Palikot ma niespodziankę! Zaskoczy wszystkich?
- Będzie wielka niespodzianka – deklaruje we „Wprost” Janusz Palikot, zapowiadając, że znalazł dwóch liderów do swojego ugrupowania. Prognozuje, że będzie to oznaczało śmierć lewicy. Czy posłowi PO może chodzić o kogoś z kręgów SLD? – Bardzo wątpię, ale nie wykluczam takiego scenariusza – mówi Wirtualnej Polsce Józef Oleksy. Zdaniem byłego premiera, zainteresowany przyłączeniem się do kontrowersyjnego posła mógłby być ewentualnie ktoś z lewicy, bardzo zniechęcony i zmęczony „dzisiejszą skostniałą sceną polityczną”.
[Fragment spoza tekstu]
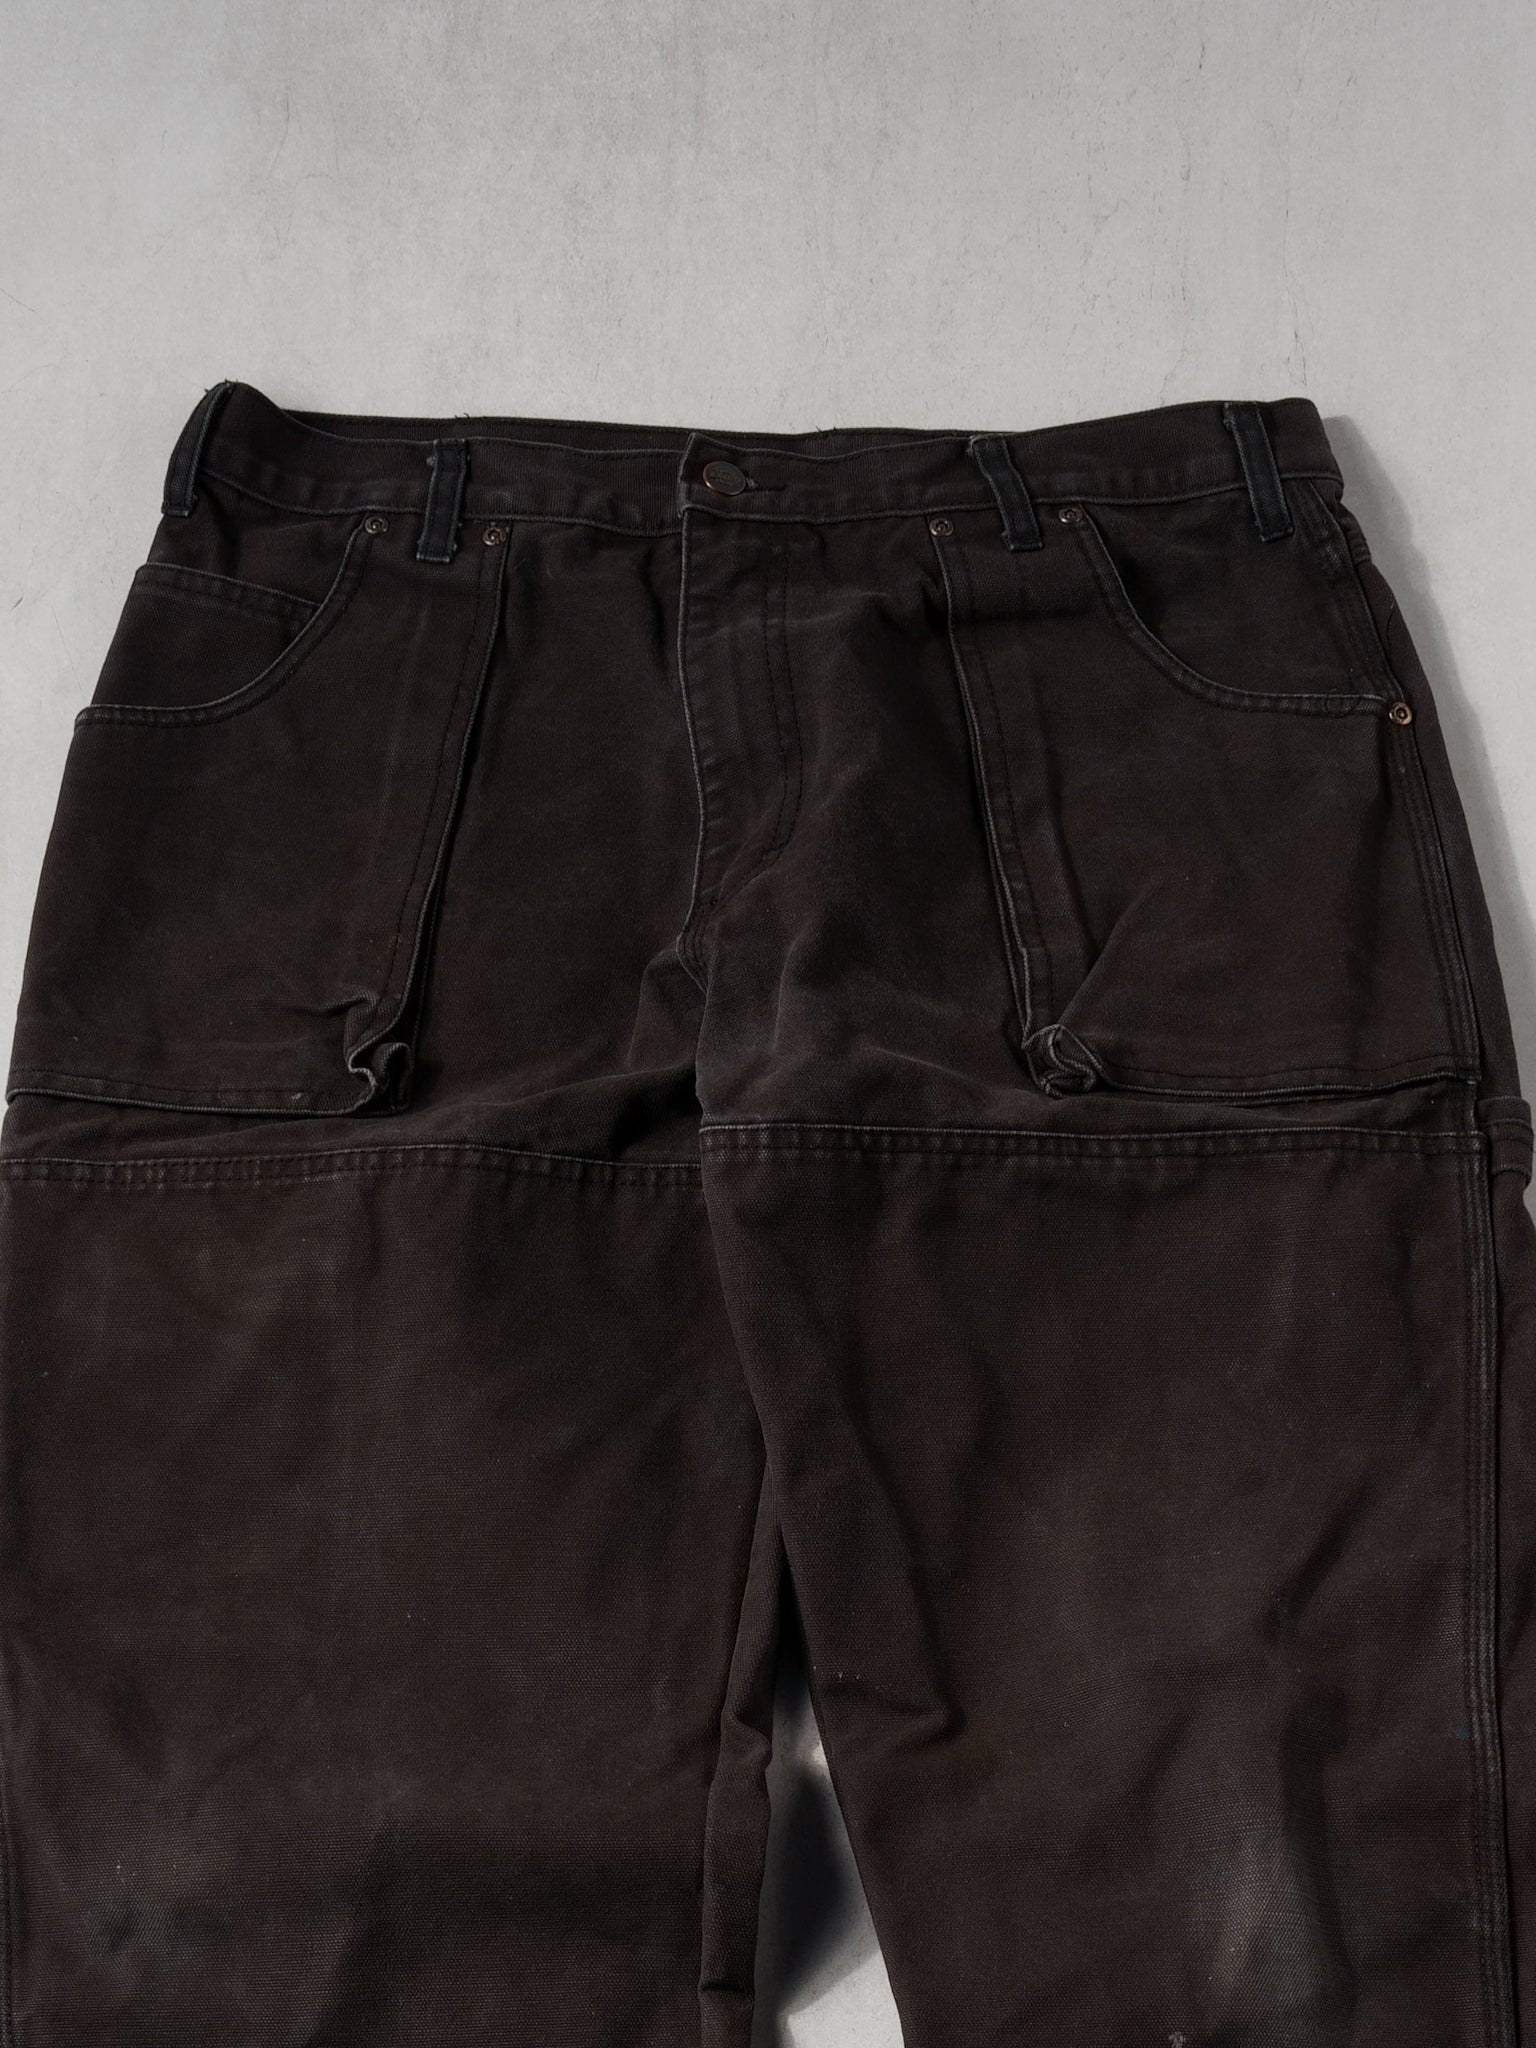 Vintage 90s Washed Black Dickies Double Knee Carpenter Pants (36x30)
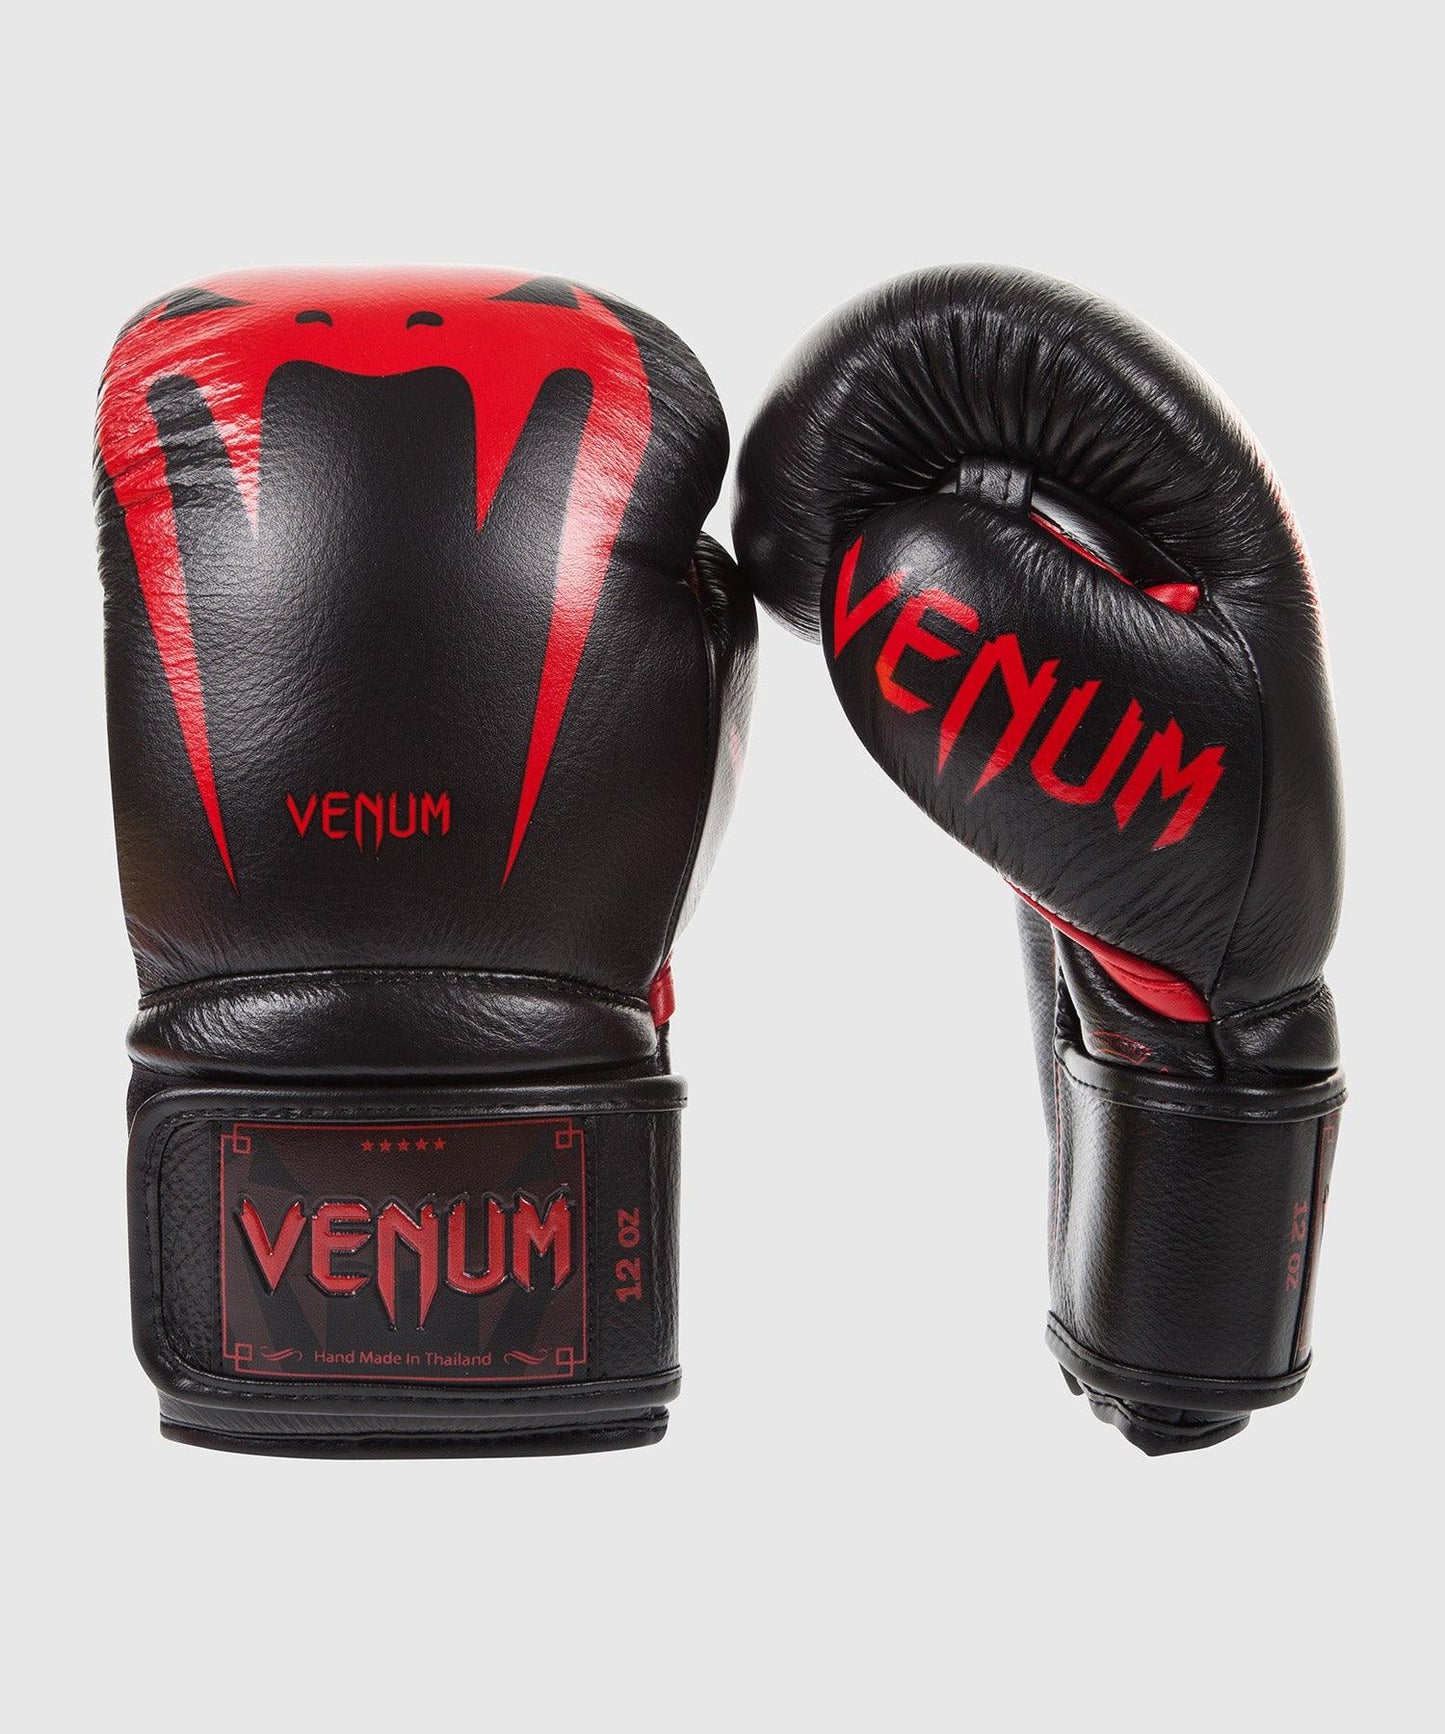 Venum Giant 3.0 Boxing Gloves - Nappa Leather - Black Devil Picture 1

27.09.2010 | aktual.: 14.01.2011 16:11
- Nie mogę powiedzieć kim są, ale to będzie wielka niespodzianka. To będzie śmierć lewicy w dzisiejszej formule partyjnej i zasadnicze uderzenie we wszystkie inne formacje. Bo jeżeli ktoś myśli, że się opieram na naiwnym ego Janusza Palikota… - mówi poseł PO w wywiadzie dla „Wprost”.
Józef Oleksy nie potrafi wskazać wśród działaczy lewicy osoby, która mogłaby się przyłączyć do Palikota.
– On jest nieprzewidywalny. Atakuje własną Platformę, atakuje SLD, chociaż mówi o potrzebie budowania centrolewicy. Jest zajadłym wrogiem PiS, lekceważy pogardliwie PSL. Więc nie może liczyć na to, że ktoś się potem do niego przyłączy – mówi były premier i zaznacza, że tym bardziej Palikot nie może liczyć na poparcie działaczy SLD. – Członkowie Sojuszu bardzo ważą słowa i decyzje – mówi Oleksy.
– Palikotowi mogą sprzyjać ci działacze polityczni, którzy bardzo pragną fermentu na scenie politycznej – mówi były premier. Jego zdaniem nie będzie to jednak „taka niespodzianka” jak zapowiada poseł Platformy.
Oleksy uważa, że jeśli poseł PO poważnie myśli o założeniu własnej partii, to musi proponować coś więcej niż tylko egzotykę polityczną.
– Też jestem zaniepokojony stanem demokracji w Polsce i brakiem przyszłościowego dynamizmu. Ale byłbym daleki do przyłączenia się do niesprecyzowanego ruchu – mówi były premier. - Ale mogą się zdarzyć i tacy, którzy będą myśleli inaczej – dodaje.
Czy gdyby pomysł z własną partią nie wyszedł, Palikot mógłby ostatecznie wstąpić do SLD? – Wątpię, bo nie widzę w tym jego interesu. A nie ukrywajmy, że Palikot nie jest wolny od kalkulacji tegoż interesu osobistego – mówi Oleksy i dodaje, że widzi szansę na wstąpienie Palikota do Sojuszu tylko, gdyby przewodniczący Napieralski podzieliłby się z nim przywództwem.
Póki co Palikot ostro wypowiada się o Napieralskim. Jego zdaniem przewodniczący „nie ma tego napięcia, niepokoju, co jest istotą bycia charyzmatycznym przywódcą”. Dlatego, zdaniem posła PO, jest sztuczny i fikcyjny. – To jest ocena wyłącznie pana Palikota – ocenia krótko Oleksy.